9 August 2001 - Dynamic Memory


  1. what it is

    1. free space left over after code + data is loaded

    2. the free space is shared between the stack and the heap

      1. every free memory location belongs to either the stack or the heap, but not both

      2. the more stack, the less heap, and vice versa

      3. your free space may vary

  2. why is it useful

    1. create values at run-time, rather than program writing time

    2. handle dynamic amounts of data without waste

    3. offer virtually unlimited data storage

  3. how to get some - new and delete

    1. unlike most modern programming languages, c++ forces you to deal with all aspects of managing dynamic memory

    2. new T allocates enough heap space to hold a value of type T

      1. returns a pointer of type T * to the value

      2. the allocated space contains garbage

      3. can initialize the allocated space with val by using new T(val)

        1. string * sp = new string("hello world!");

    3. delete ptr deallocates the memory allocated by new

      1. once memory is deallocated, all pointers to it are invalid

    4. if new allocates it, delete should deallocate it

    5. if delete deallocates it, it must have been allocated by new

  4. how it goes wrong - freeing too early, or too many times, or not at all

    1. dangling pointers - ip = jp; free(jp); *ip = 3;

    2. garbage - { int ip = new int; }

    3. over deleting - ip = jp; free(jp); free(ip);

    4. deleting garbage - int * ip; free(ip);

    5. dynamic memory doesn't obey scope - it doesn't disappear when its scope does

    6. these errors are not necessarily immediately fatal - it may take time

    7. a good rule of thumb - if you new it, delete it too.
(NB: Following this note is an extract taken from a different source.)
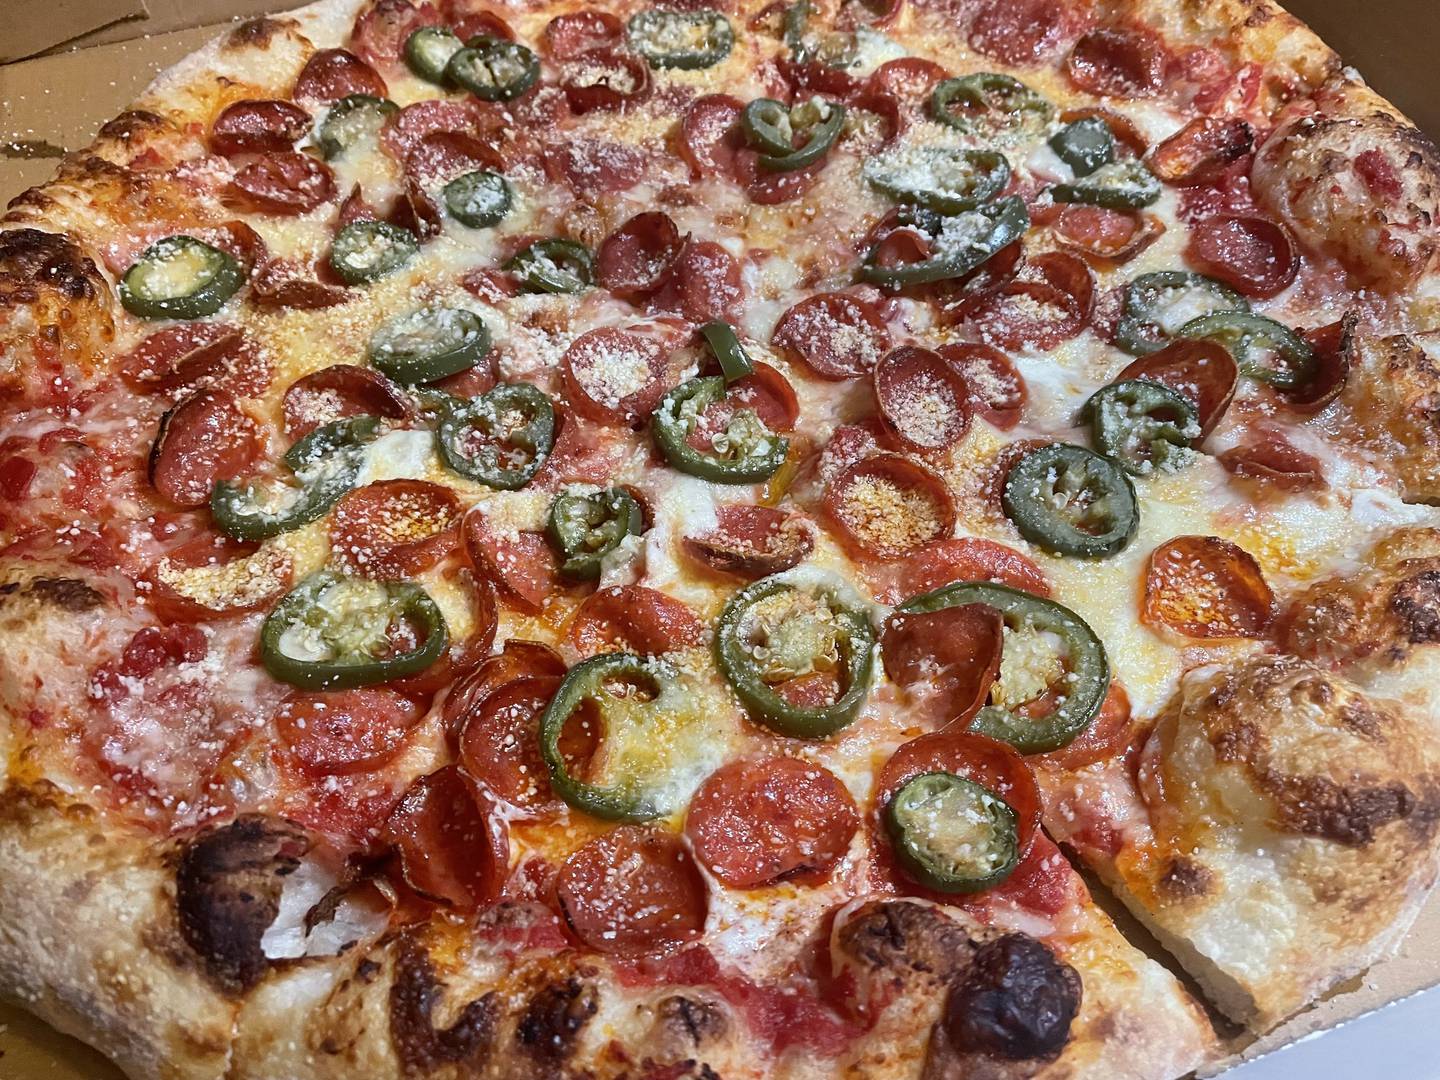 The spicy pepperoni pizza at Baltoz Bakery & Cafe, a new arrival to 6709 York Road. Owner Vlado Petrovski resists categorization, saying “My pizza is my pizza.”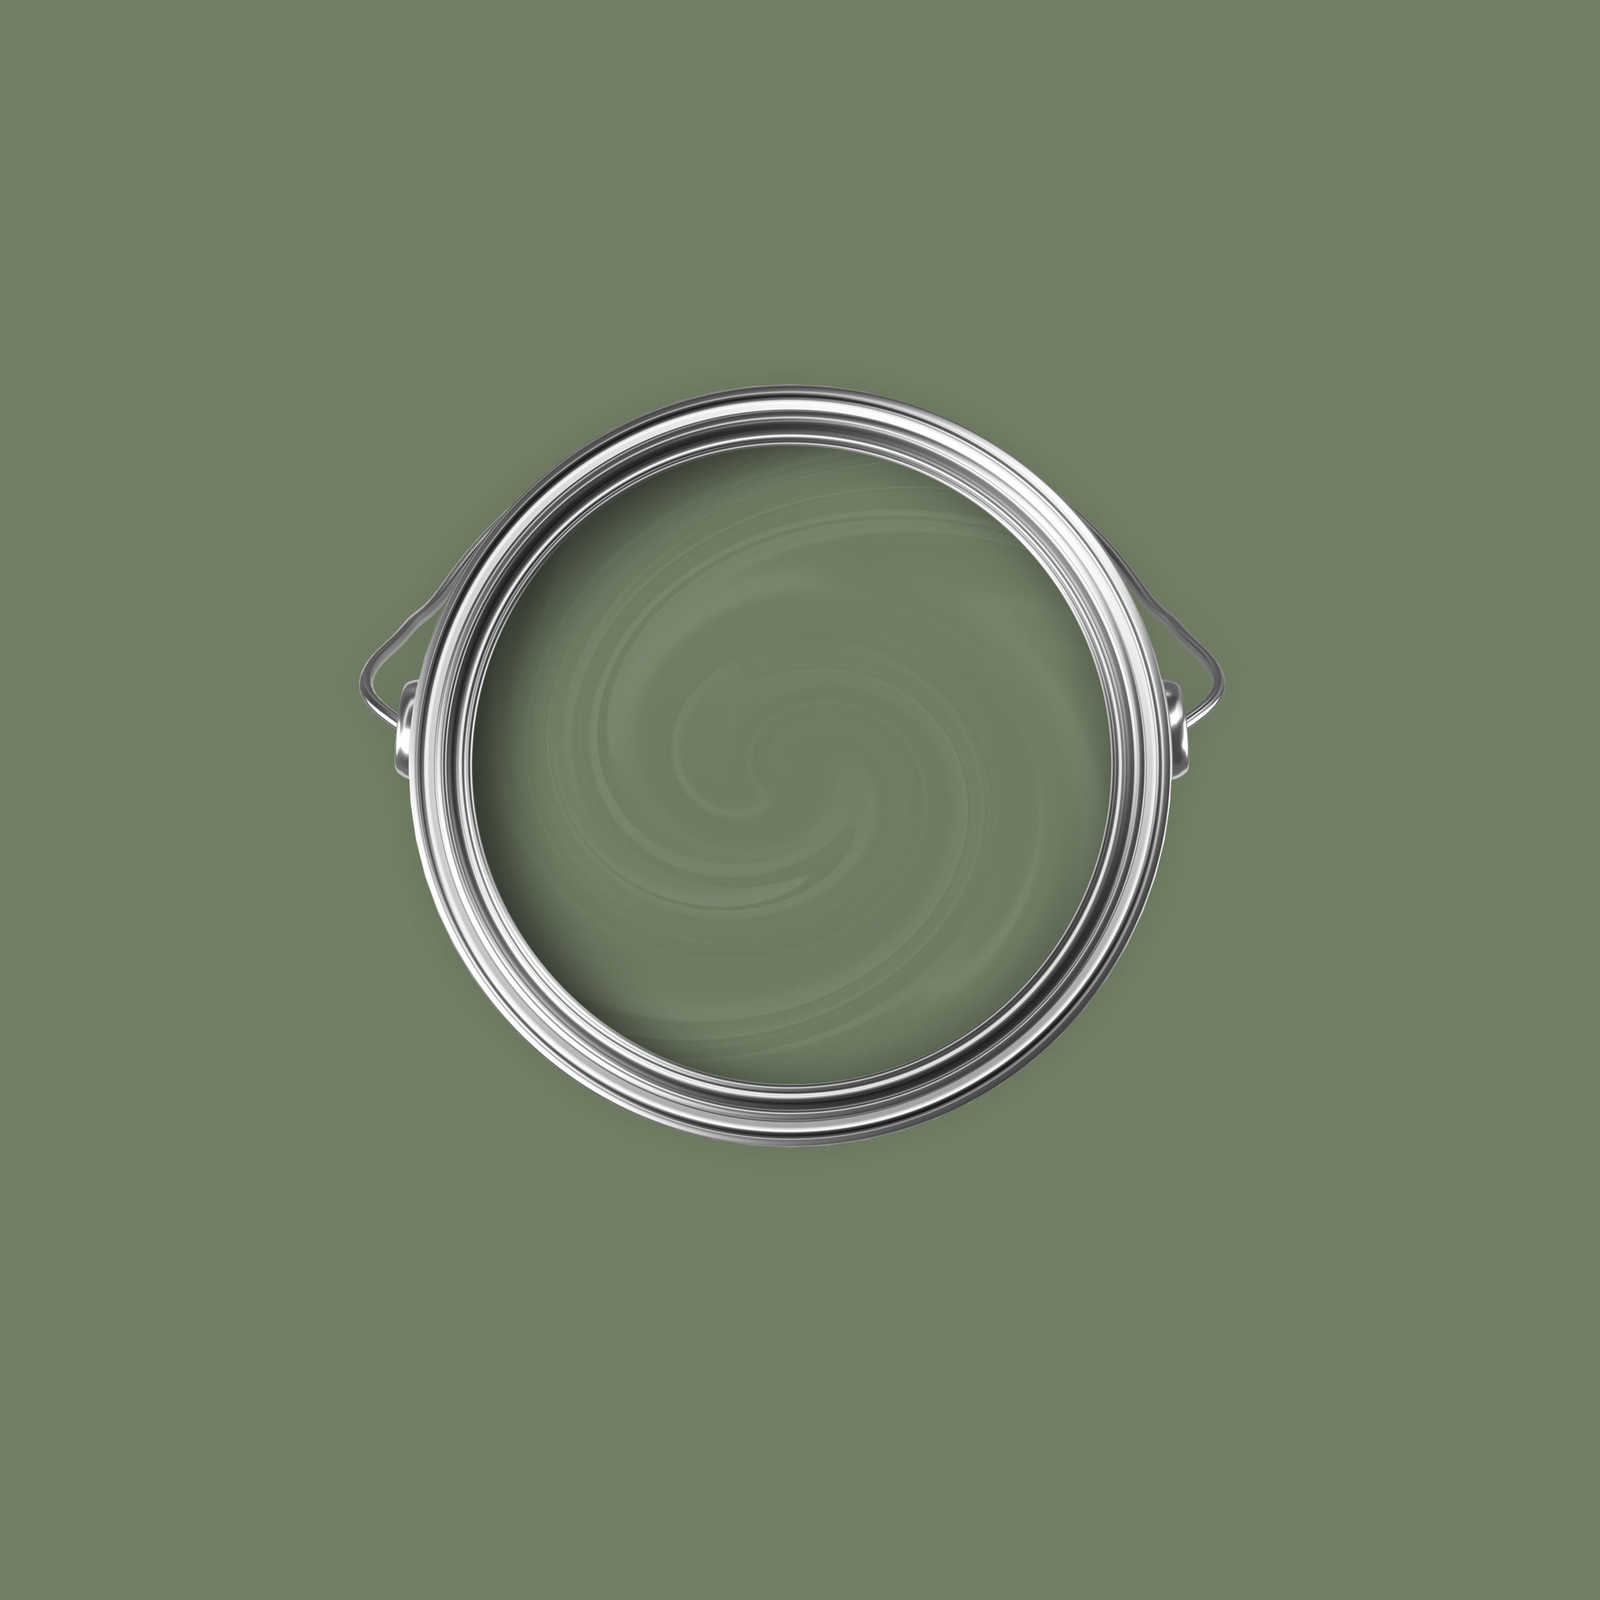             Premium Wall Paint Relaxing Olive Green »Gorgeous Green« NW504 – 2.5 litre

  5. dynamic memory and objects

    1. allocate object values like any other value

      1. new followed by a constructor call

      2. the default constructor can be called without parenthesis

    2. deallocate objects like any other

    3. pointers inside of objects

      1. what's the problem - pointer values don't disappear when object values do

      2. what's the solution - the opposite of constructors; something that's called when an object value disappears

      3. destructor ~class-name() { . . . }

        1. no return value; no arguments; can't be overloaded

        2. called automatically when object values fall out of scope or are deleted

        3. do not call destructors explicitly


This page last modified on 6 August 2001.